Untitled. Photo: mikkelwilliam. Courtesy Getty Images

Pierluigi Billone
Sgorgo Y (2012)

Mokurai said, “You can hear the sound of two hands when they clap together, now show me the sound of one hand.”

Sgorgo Y was written for the left hand of Yaron Deutsch.

Klaus Lang
chanson lointaine et douce (2021)

The title, Chanson, is a reference to the rich flourishing of that musical form and its most prominent composers such as Dufay or Ockeghem during the Middle Ages, the epoch that produced the most outstanding and uniquely European forms of art—the Gothic cathedral and polyphonic music. While it is not quoting any specific song, it uses the contrapuntal techniques and the form of the chanson that were developed during that period by those composers. As in their period, I see an artistic structure as a firmly constructed vessel that holds the complex and boundless beauties of sound. In this way chanson lointaine et douce tries to create a wide timeless space of delightful sound that is rich and simple or abundant and restricted at the same time.

Lisa Illean
Tiding I (2021)

Tid-ing, to drift with or as if with the tide; to rise and fall like the tide

Tiding is the first in a new collection of pieces dealing with elemental patterns. It is in many ways a line study, with each undulating phrase being both a melodic wave and a swell of sustained tones, accumulating and dissipating across the length of the phrase.

I am very interested in exploring this threshold, where a collection of notes is at once both a line and a sonority. While working, I was reminded how ‘drawing water’ is often a process of drawing many individual lines, which in total—and from a distance—form a visual surface. While my initial sketches for Tiding were for a multilayered piece, working with electric guitar also offered the opportunity to explore closely these ideas in a single line, using a very minimal set-up. To my ears, it is occasionally as if the unadorned lyricism of some early lute music is freshly abstracted in a new medium, and to new ends.

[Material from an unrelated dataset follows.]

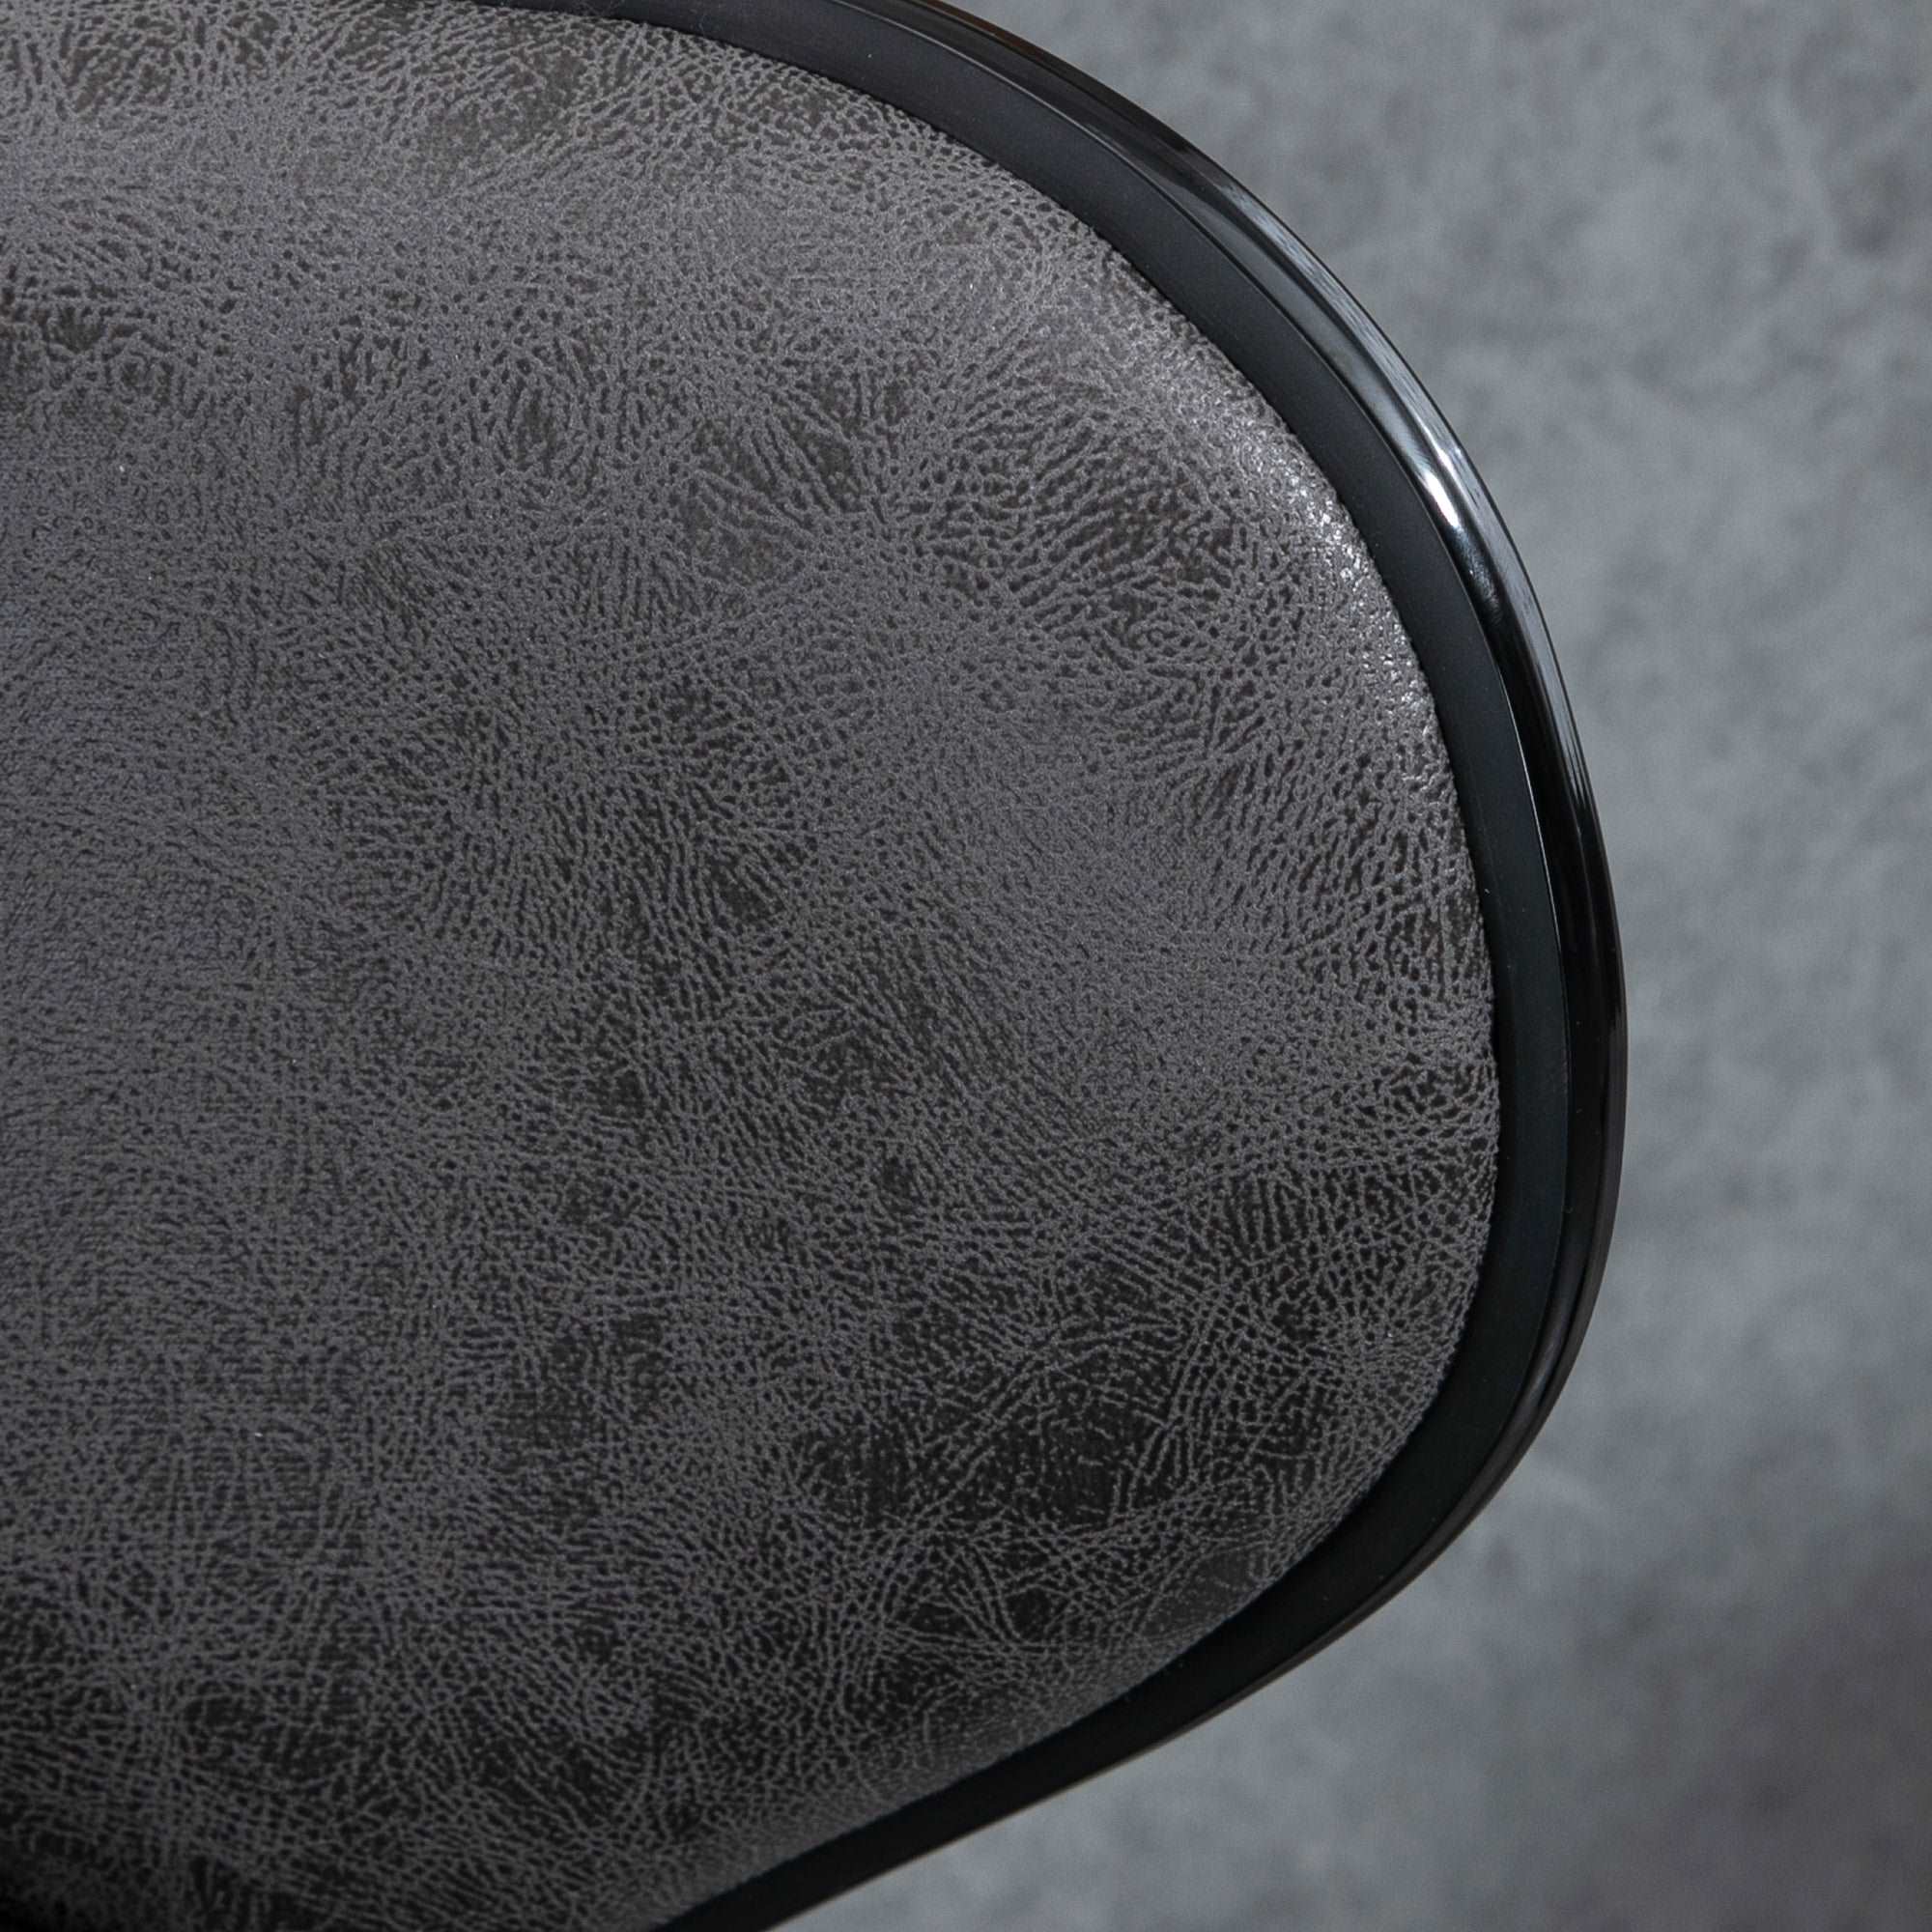 Bar Stool Set of 2 Microfiber Cloth Adjustable Height Armless Chairs with Swivel Seat, Dark Grey  AOSOM

As suggested by the title, the sound floods and ebbs. Transience—in both the production and perception of sound—has always moved me. Growing up, I spent countless evenings and early mornings lying on the beach listening to the ocean, and nearly as many hypnotic hours listening to the world sounding through water, my head half-submerged, in patterns of distant chattering mingling with the periodic rubbing of the sea. This environmental murmurando, effortlessly yet unpredictably floating in and out of perception, is never too far from any work I do with sound.

Like of most of my work, Tiding uses non-tempered tunings. To achieve this, each guitar string is retuned to an overtone of an 11hz ground fundamental: the 6th, 10th, 14th, 21st, 22nd and 25th partials. It took me a long time to find the tunings—the right ‘color’—for this piece. Finding this was important because in a way it is a monochrome piece: each phrase is a subtly different shade of the same hue.

Avshalom Ariel
All the boys forgot about you (2018)

All the boys forgot about you was composed for a guitar workshop led by Yaron Deutsch in Darmstadt. Since then, I have only written pop songs. It’s a small piece, an exploration of the ‘other’ (usually silent) side of the electric guitar.